On Tuesday, last week Iris van Herpen unveiled her Biopiracy
Collection, her most ambitious and largest collection to date, at Les Docks -
Cité de la Mode et du Design in Paris. Called “Biopiracy” The collection by
Iris Van Herpen threw a spotlight on the intersection of intellectual property,
ethics and biotechnology. The designer
writes on the invitation for the showcase of her collection,
“In the recent past, patents on our
genes have been purchased. Are we still the sole proprietor of our bodies? From
this question arises a sense of arrested freedom in one's most intimate,
solitary state. …”
For the show, the experimental designer collaborated with artist Lawrence Malstaf, a specialist in the interaction between biology and physicality, too construct an installation, where models were suspended in the air in embryonic transparent, seemingly weightless plastic and shrink vacuum packs. Calling into question the naturalness of systems such as IP that allow for the ownership of living substances occurring in nature, such as our DNA & genes, through the legal mechanism of a patent.

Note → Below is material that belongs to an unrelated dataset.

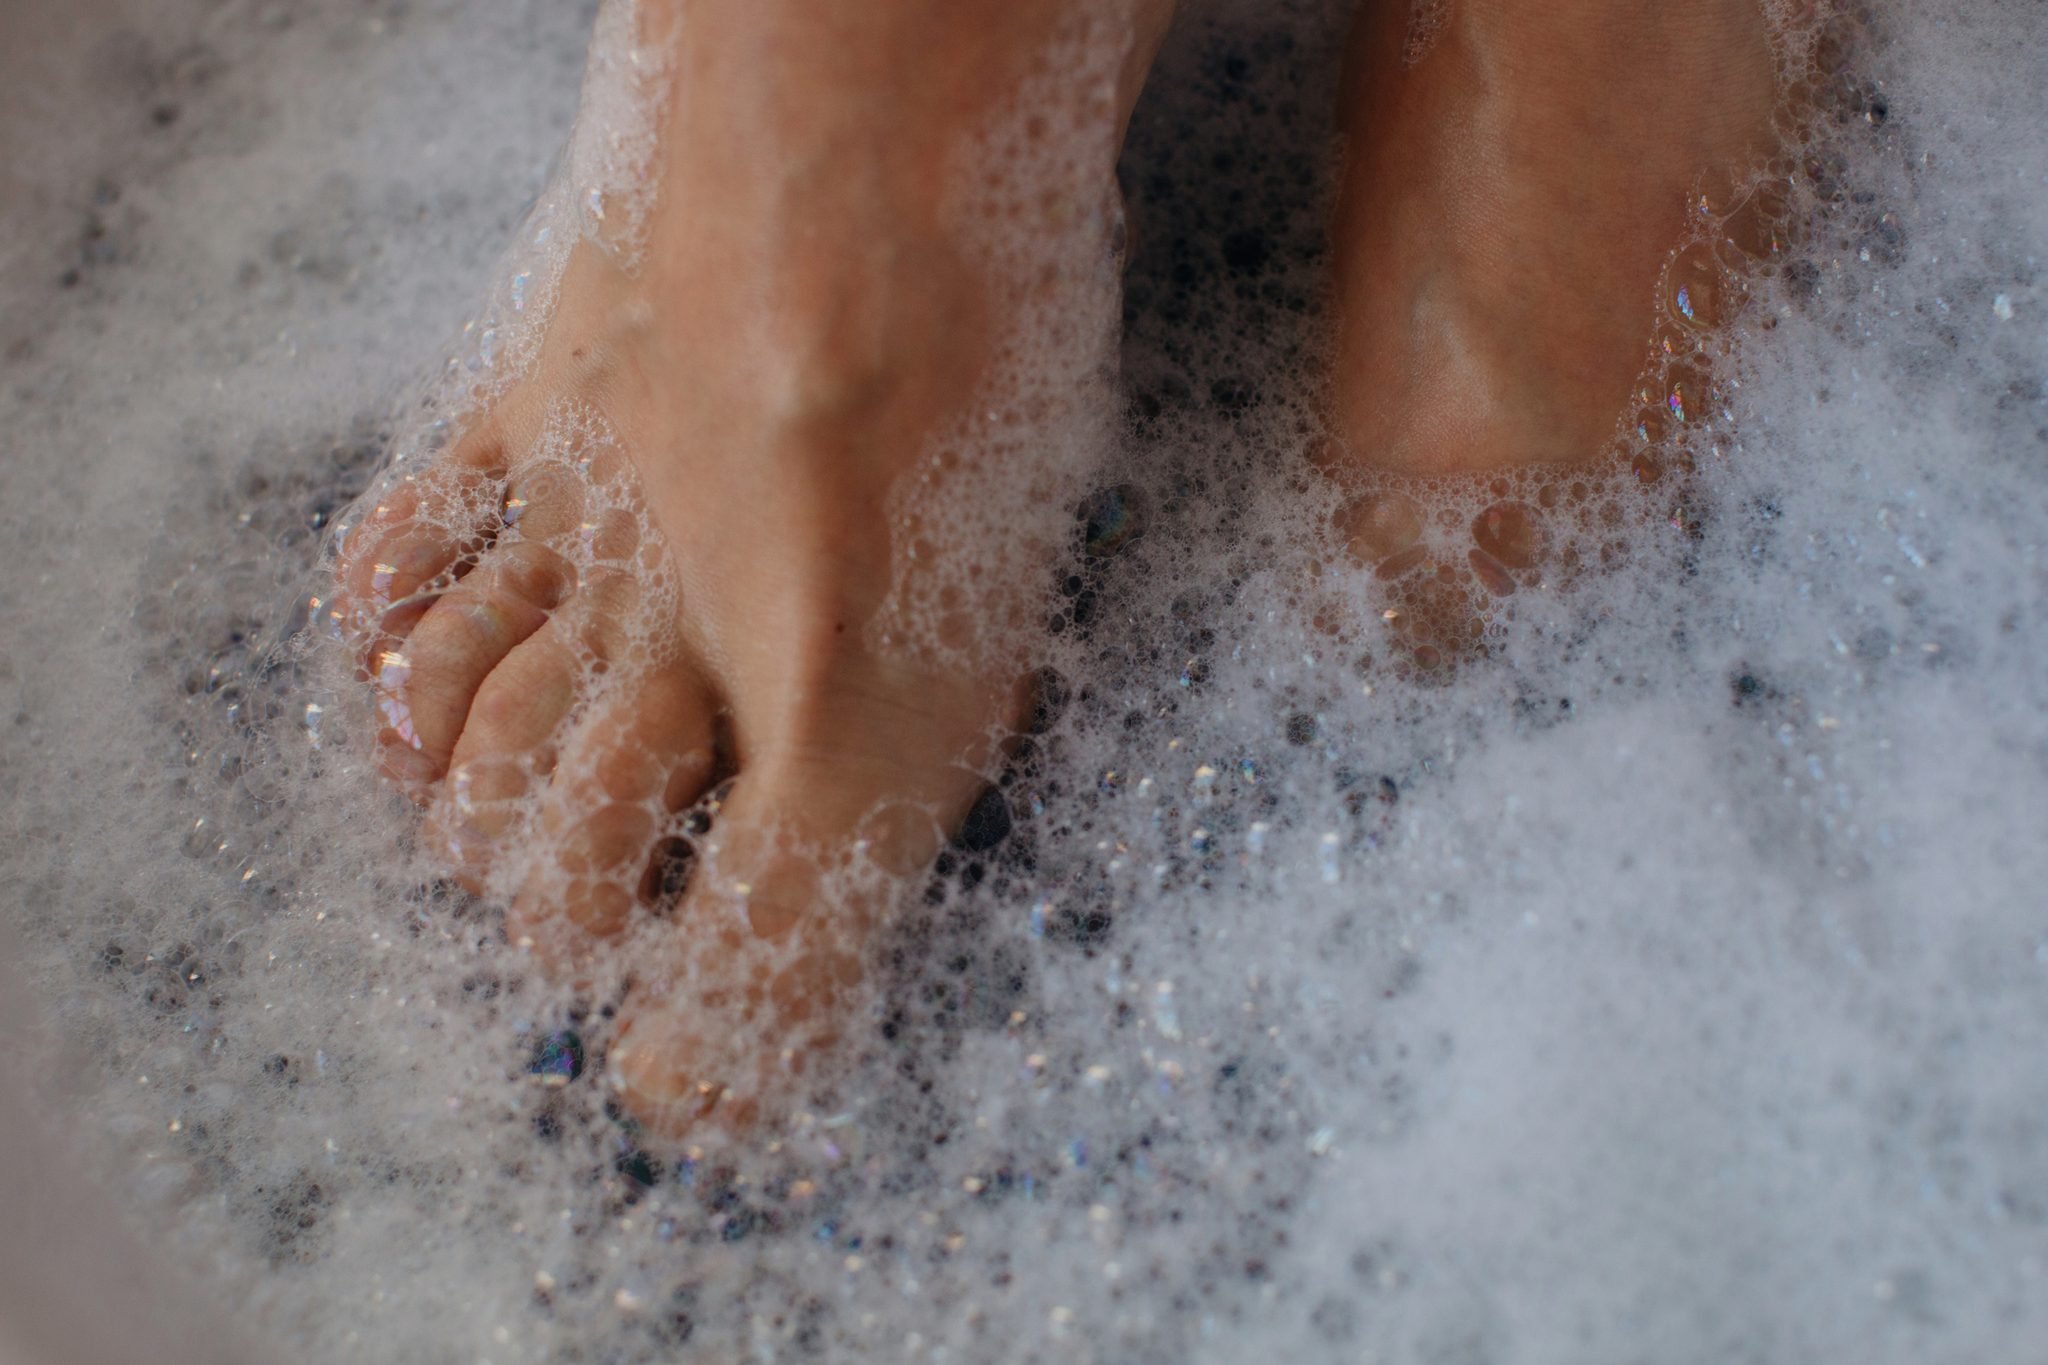 How To Do A Foot Soak For Toenail Fungus The Healthy

“Biopiracy” is a term well
known in the legal world, that has emerged to describe a practice that concerns
the ways that corporations from the developed world claim ownership of, or
otherwise take unfair advantage of, the genetic resources and traditional
knowledge and technologies of developing countries, and biological, scientific
and cultural assets are “pirated” commodified and then commercially exploited usually
without compensating the individuals, indigenous peoples or countries from
which the material or relevant knowledge is extracted or harvested.
Her collection gets us to think about the intersection of nature,
science, IP and social justice.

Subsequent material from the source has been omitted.